At measurement frequencies over 4 kHz the impedance measured inside
the vessel is affected by this change in orientation and decreases
as the flow velocity increase. If measurements are taken on a blood
vessel at two different frequencies with different electrodes it is
possible to obtain metrics related to both the blood velocity and
the surface area of the blood flow. These can be combined to obtain
the blood volume per unit time.
[0026] FIG. 3 shows schematically an embodiment of an ultrasound
sensing device 31 for measuring the flow rate in a blood vessel 33.
This sensing device includes an ultrasound transmitter 35 attached
to the wall 37 of blood vessel 33 (for example by a cuff--not
shown) and an ultrasound receiver 39 attached to the wall of the
blood vessel opposite transmitter 35 and either upstream or down
stream of it. Ultrasound transmitter 35 is controlled by a control
device 41 to emit a pulse or pulses of ultrasound at predetermined
intervals and the arrival time of these pulses at receiver 39 is
registered by control device 41. Due to the Doppler Effect the time
between an ultrasound pulse being transmitted from the transmitter
35 and its receipt at receiver 39 varies as the speed of the flow
in blood vessel varies. Control device 41 can produce an output
signal S which reflects the variations in the time between pulses
being transmitted and received. Alternatively data relating to the
transmitting of pulses from transmitter 35 and data relating to
their arrival time at receiver 39 can be transmitted directly to a
stimulating device which analyses this data to determine if feeding
has commenced.
[0027] FIGS. 4a) and 4b) show schematically an embodiment of a
sensing device 43 for measuring the diameter of a blood vessel in
accordance with the present invention. This device comprises a
flexible cuff 45 which is placed around a blood vessel 47. Cuff 45
is flexible enough to follow movement of the wall 48 of the blood
vessel 47 without restricting flow through the blood vessel, while
at the same time staying in contact with the blood vessel. Cuff 45
is provided with a stretch sensor, for example a strain gauge, 50
which in positioned in the centre of the cuff. This stretch sensor
50 produces an output signal S which varies as the ends 51, 53 move
closer and further apart due to changes in the diameter of the
blood vessel. As increases in the diameter of a blood vessel can be
assumed to reflect increases in the flow inside the vessel, data
relating to the diameter of the blood vessel can be analyzed to
determine if eating has commenced.
[0028] FIG. 5 shows schematically a further embodiment of a sensing
device 55 for measuring the diameter of a blood vessel in
accordance with the present invention.
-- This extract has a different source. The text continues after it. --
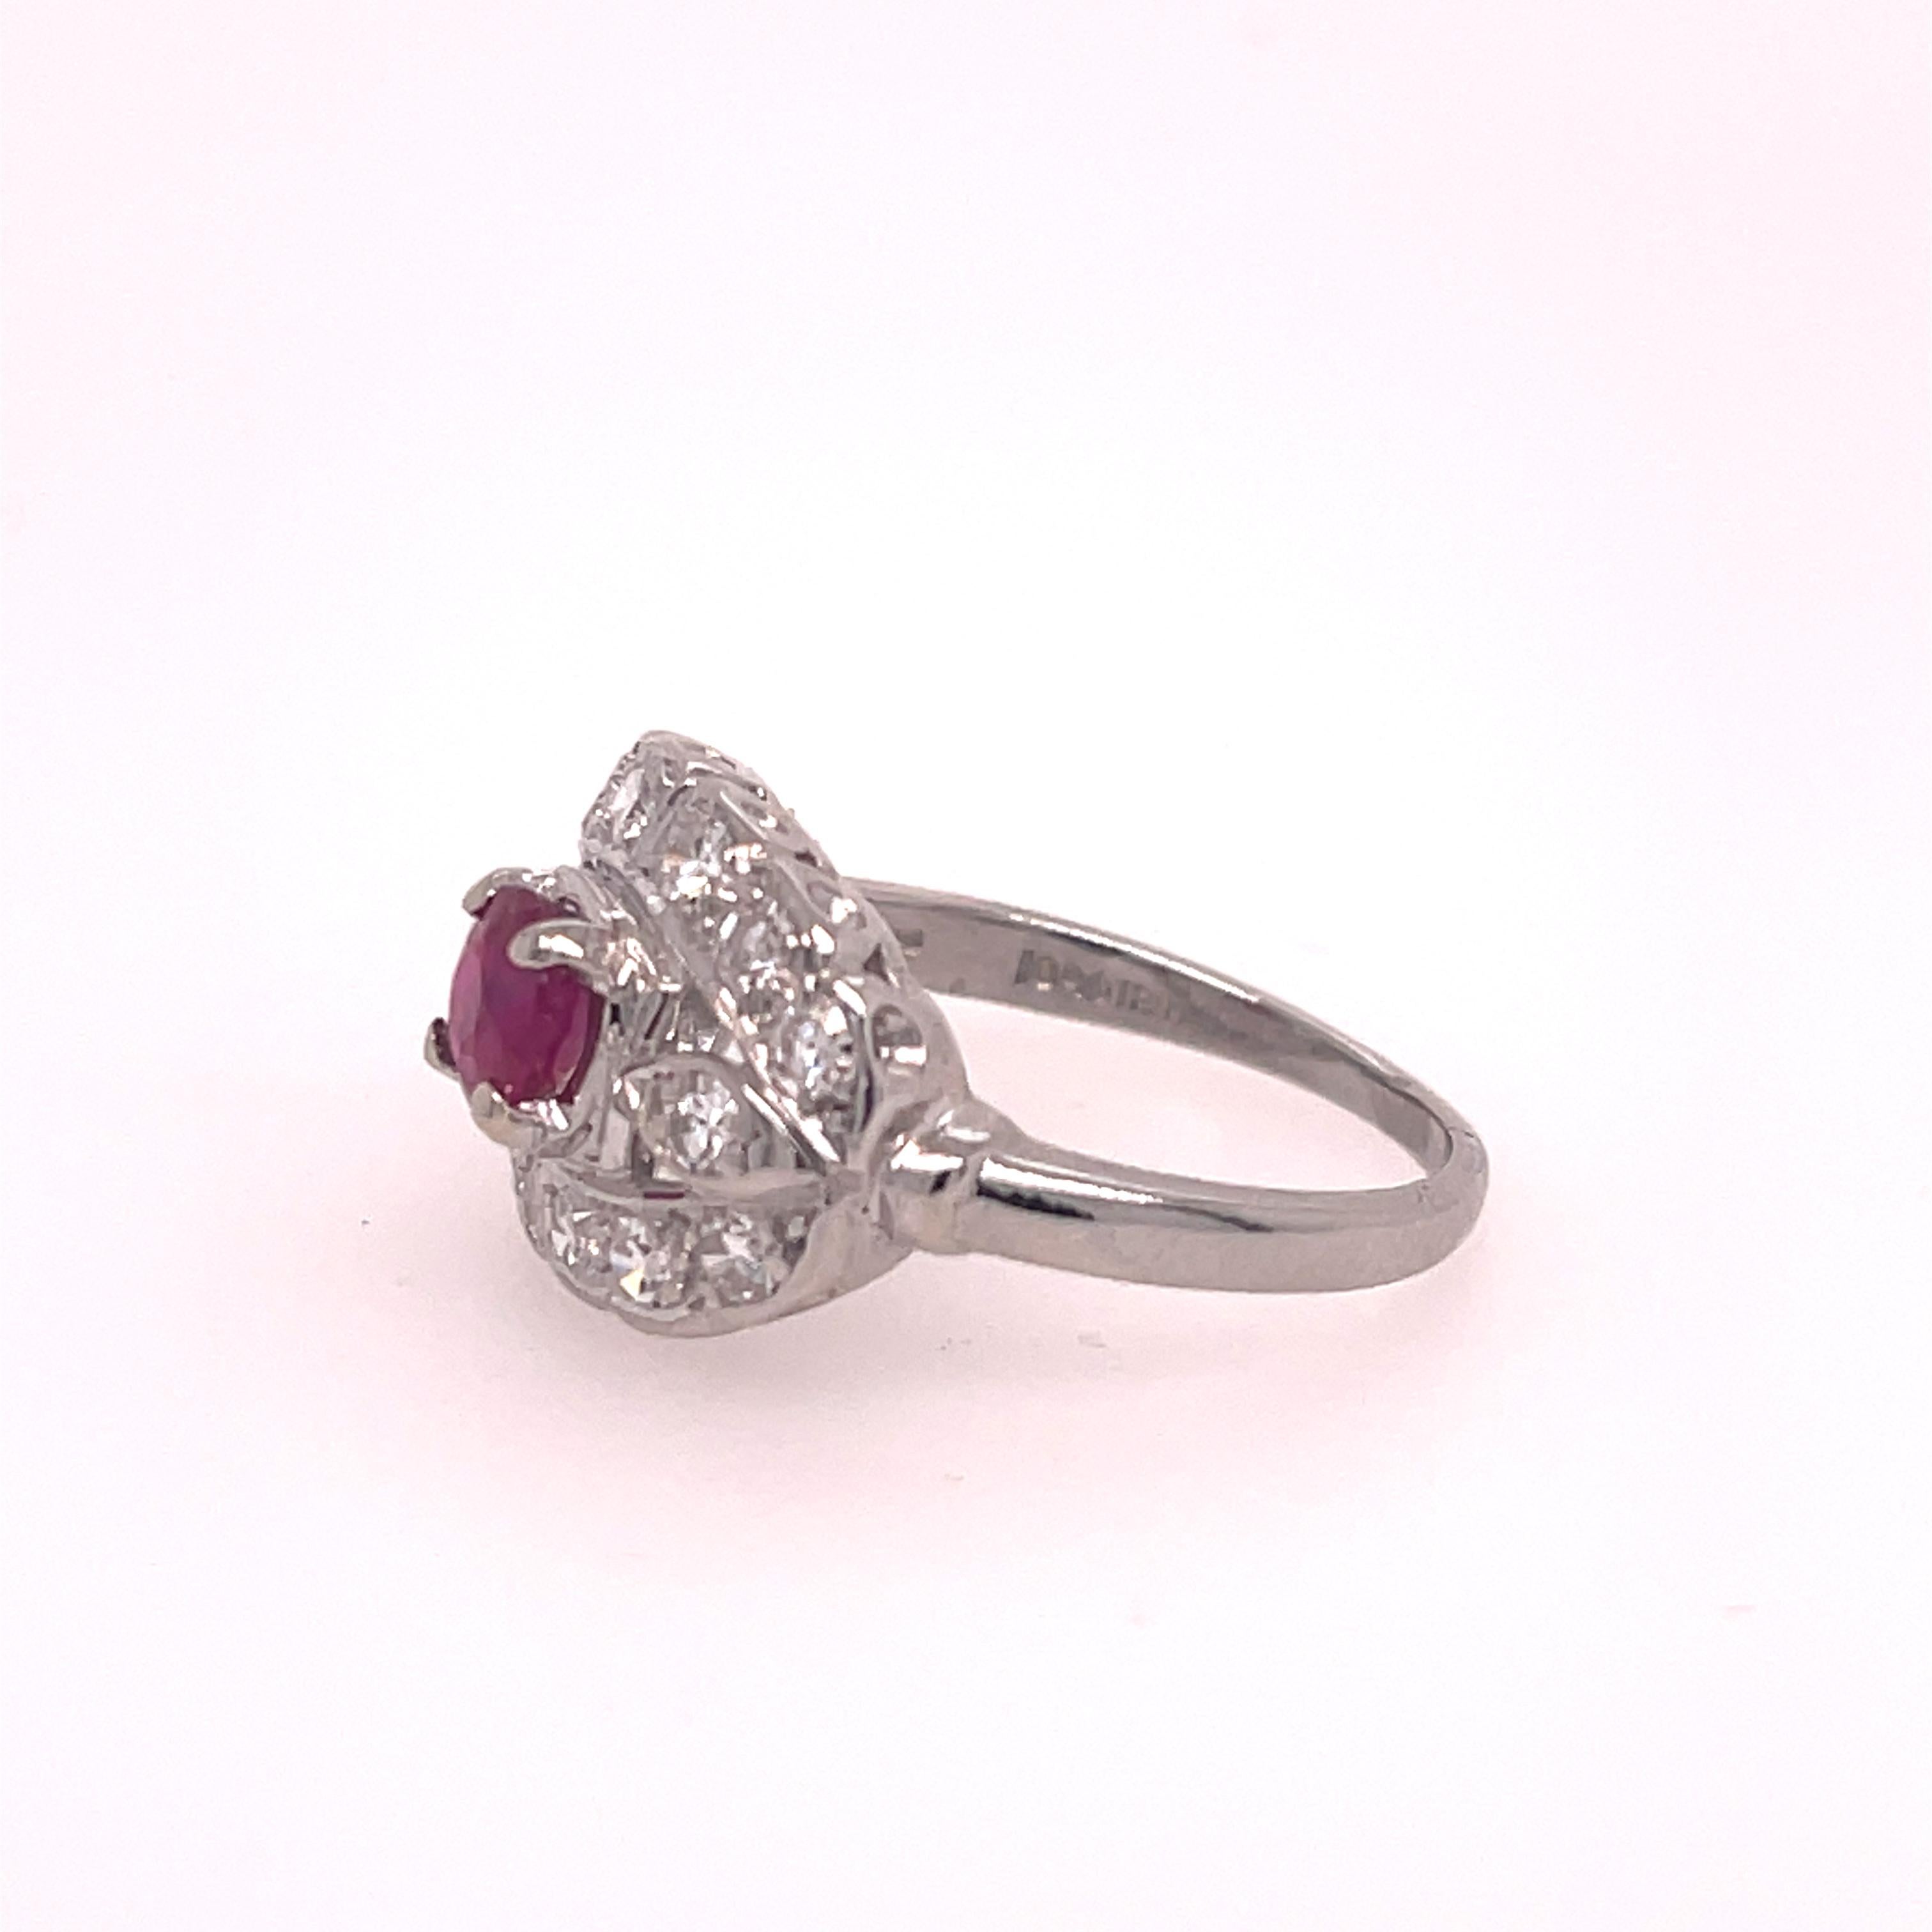 Damen Diamant und Rubin Art Deco Ring in Platin.  Der Ring enthält einen 0,61 natürlichen runden Rubin im Vollschliff, Qualität AA.  Der Mittelstein wird ergänzt durch 14 runde Diamanten im Einzelschliff mit einem Gesamtgewicht von etwa 1/4 Karat,

Sensing device 55 comprises
a cuff 57 which surrounds a blood vessel 58. Cuff 57 has a
spring-loaded coiled end 61 which can coil and uncoil inside a
housing 59 attached to the other end 63 of cuff 57. End 61 coils
and uncoils to follow the diameter of the blood vessel. A sensor 65
inside housing 59 detects how much coiled end 61 moves and produces
an output signal S which relates to the circumference of the blood
vessel.
[0029] FIG. 6 shows schematically an embodiment of an
electromagnetic induction sensing device 67 for measuring the flow
rate in a blood vessel 69 of a patient. A pair of electrodes 71, 73
are placed on opposite sides of the blood vessel and connected to a
voltage measuring device 75. The blood vessel is subjected to a
magnetic field B (represented by "x" in FIG. 6) of the order of 1
mT which acts perpendicular to the direction of blood flow. As
blood flows between the electrodes 71, 73 it causes a voltage to be
generated which is proportional to the average blood velocity in
the blood vessel between the electrodes perpendicular to the
magnetic field, the magnetic field and the distance between the
electrodes. The voltage measuring device can produce an output
signal S which can be used to determine the velocity of the blood
in the blood vessel. The blood vessel diameter can be estimated
using any suitable method and the total blood flow volume
calculated.
[0030] FIG. 7 shows schematically an embodiment of a calorimetric
sensing device 81 for measuring flow velocity in a blood vessel 83
of a subject. A first temperature sensor 85 is mounted closely
upstream of a second temperature sensor 87 in said blood vessel 83.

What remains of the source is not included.